Health

India to launch world’s largest vaccination campaign

By Indira Guerrero

New Delhi, Jan 15 (efe-epa).- India will begin on Saturday the world’s largest inoculation drive to offer Covid-19 vaccine shots to 1.35 billion people in a campaign beset with logistic challenges, a fragile healthcare system, and skepticism over a homegrown immunogen.

The pandemic tested the Indian authorities from the outset when on Mar.25 it imposed the largest confinement of people in history.

Now comes the immunization campaign that follows a large-scale health operation carried out some 20 years ago when it launched a polio campaign to vaccinate some 100 million children under the age of three in a day.

This time, the target is to cover the entire adult population despite inventory constraints, poor infrastructure, geographical complexities, and monitoring each recipient to complete their immunization within the time frames needed to receive both doses of the vaccine.

“We have conducted many campaigns in India, the most important is the polio vaccination drive in 1995 and we were successful in that, the same experience we will be using in the vaccination campaign also,” Ajai Ghai, an immunization officer in the northern state of Uttar Pradesh, told EFE.

“The only difference is that since it is a new vaccine, we cannot say how it will turn out, but I am quite sure we are going to be successful,” he said.

Ghai acknowledged that “challenges will be definitely there”, especially since the campaign is directed at adults, making the process even more complicated.

The only precedent for such logistics challenges in the world’s largest democracy has been conducting general elections, which, with a system of including 900 million voters at the polls, has served the government as a guideline for the vaccination drive.

Ajay said that it would allow the authorities to bypass the complex task of selection, as they would use the data from the electoral database because not everyone in India can do a self-registration.

It is the most up-to-date information by age group and location available, V.S. Sampath, former Electoral Commissioner who oversaw the 2014 general elections, told EFE.

He underlined that that data would allow healthcare professionals to locate people as accurately as possible, even in the remotest places.

So far, the Drug Controller General of India (DCGI) has approved for the “emergency use” of Covishield, a vaccine jointly developed by Oxford University and the British-Swedish pharmaceutical company AstraZeneca.

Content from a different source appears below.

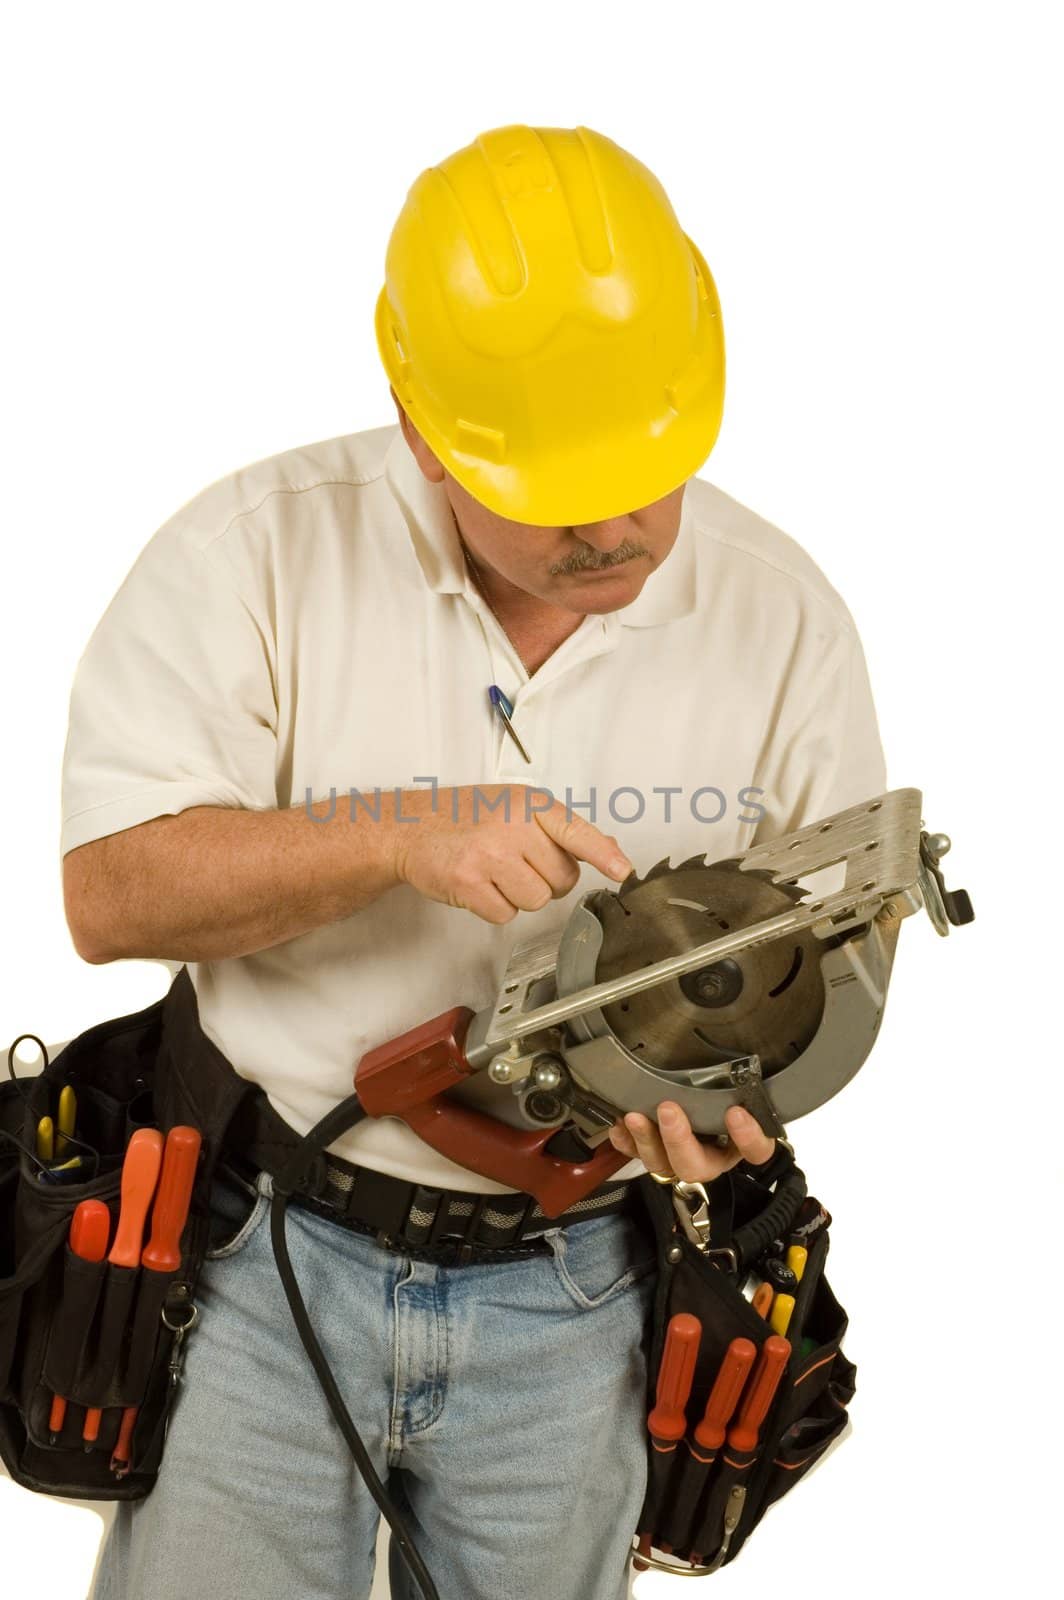 Carpenter checking teeth on circular saw

Another vaccine approved for emergency use is Covaxin, developed by the Indian laboratory Bharat Biotech and the Indian Medical Research Council (ICMR).

The Serum Institute of India (SII), the world’s largest manufacturer of vaccines in terms of volume, is responsible for producing Covishield and has already delivered nearly 11 million doses to the government to kickstart the campaign while Bharat Biotech confirmed a purchase of some six million more vaccines.

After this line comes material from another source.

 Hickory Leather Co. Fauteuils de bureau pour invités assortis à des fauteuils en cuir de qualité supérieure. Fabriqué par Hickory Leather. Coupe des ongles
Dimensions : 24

The campaign begins from production plants in India and involves the air transfer of vials to cover the country’s four coordinates –– Karnal (north), Mumbai (west), Kolkata (east), and Chennai (south).

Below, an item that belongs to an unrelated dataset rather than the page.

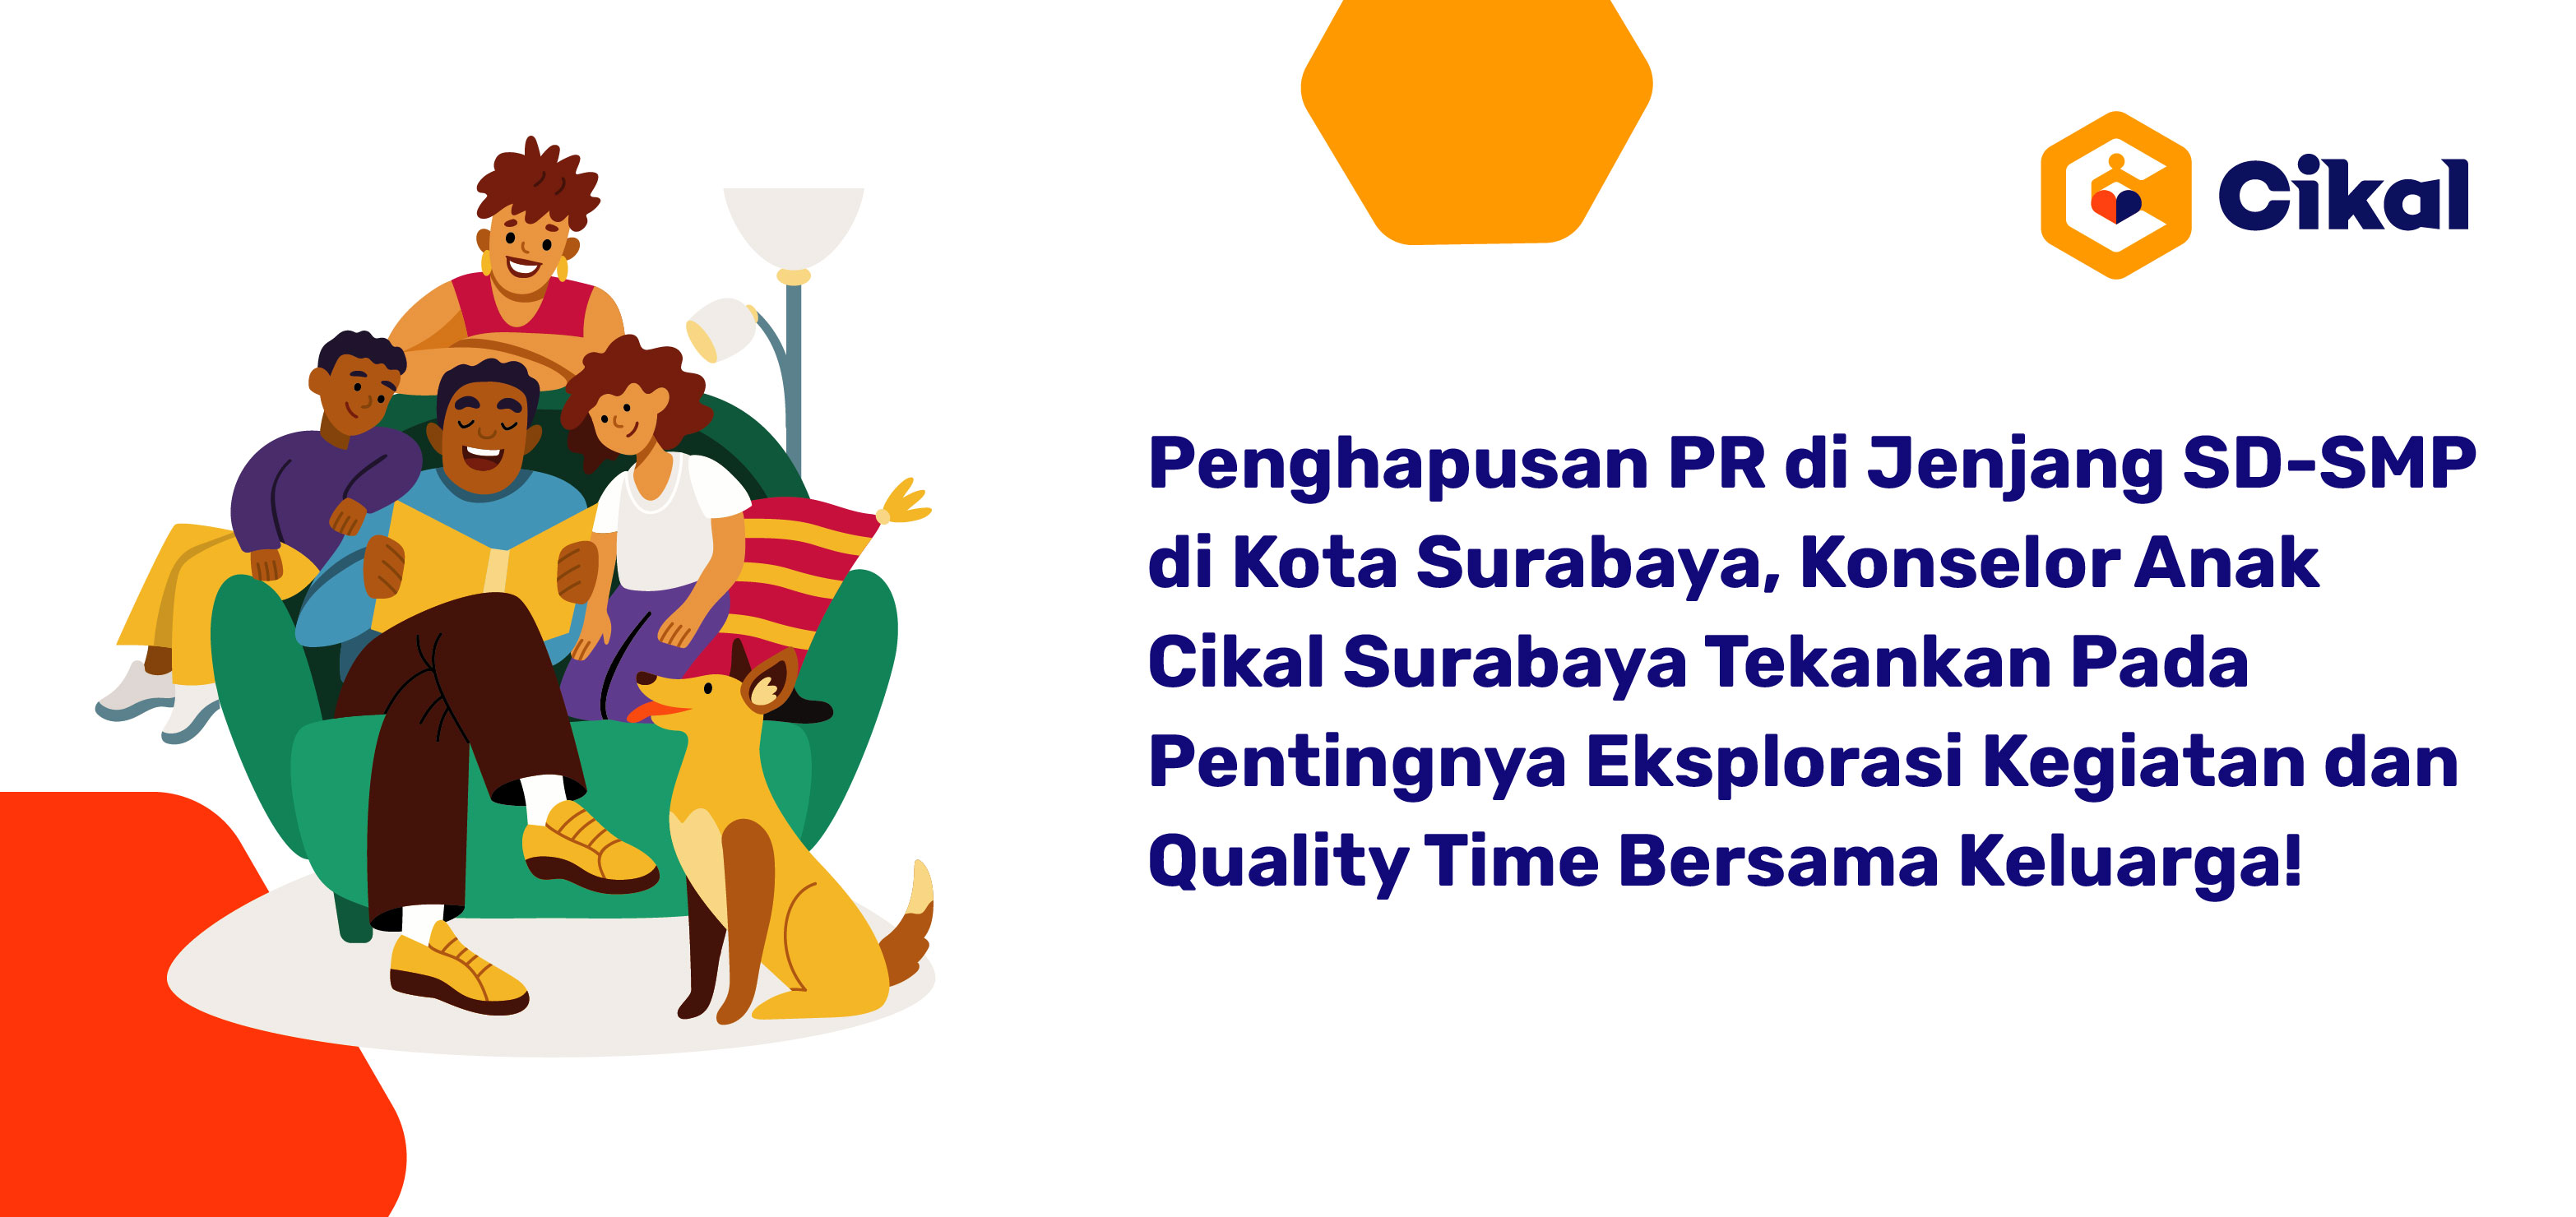 Penghapusan PR di Jenjang SD-SMP di Kota Surabaya, Konselor Cikal Surabaya Tekankan Pada Pentingnya Eksplorasi Kegiatan dan Quality Time Bersama Keluarga!

All this while they have to keep the cold chain intact.

The next major challenge will involve transferring the doses by land to 29,000 points identified across the country as intermediate stations before ending up in healthcare facilities for inoculation.

The vaccines need to be stored between 2 and 8 degrees centigrade, presenting an imposing challenge for health workers considering India’s poor infrastructure, problems in electricity supply in rural areas, and the approaching summer when temperatures cross 40 degrees in large parts of the country.

For this purpose, 70 freezing chambers, 240 refrigerators, 45,000 ice-coated refrigerators, 41,000 freezers, 300 solar-charge refrigerators, and nearly 200,000 workers trained for this task have been made available.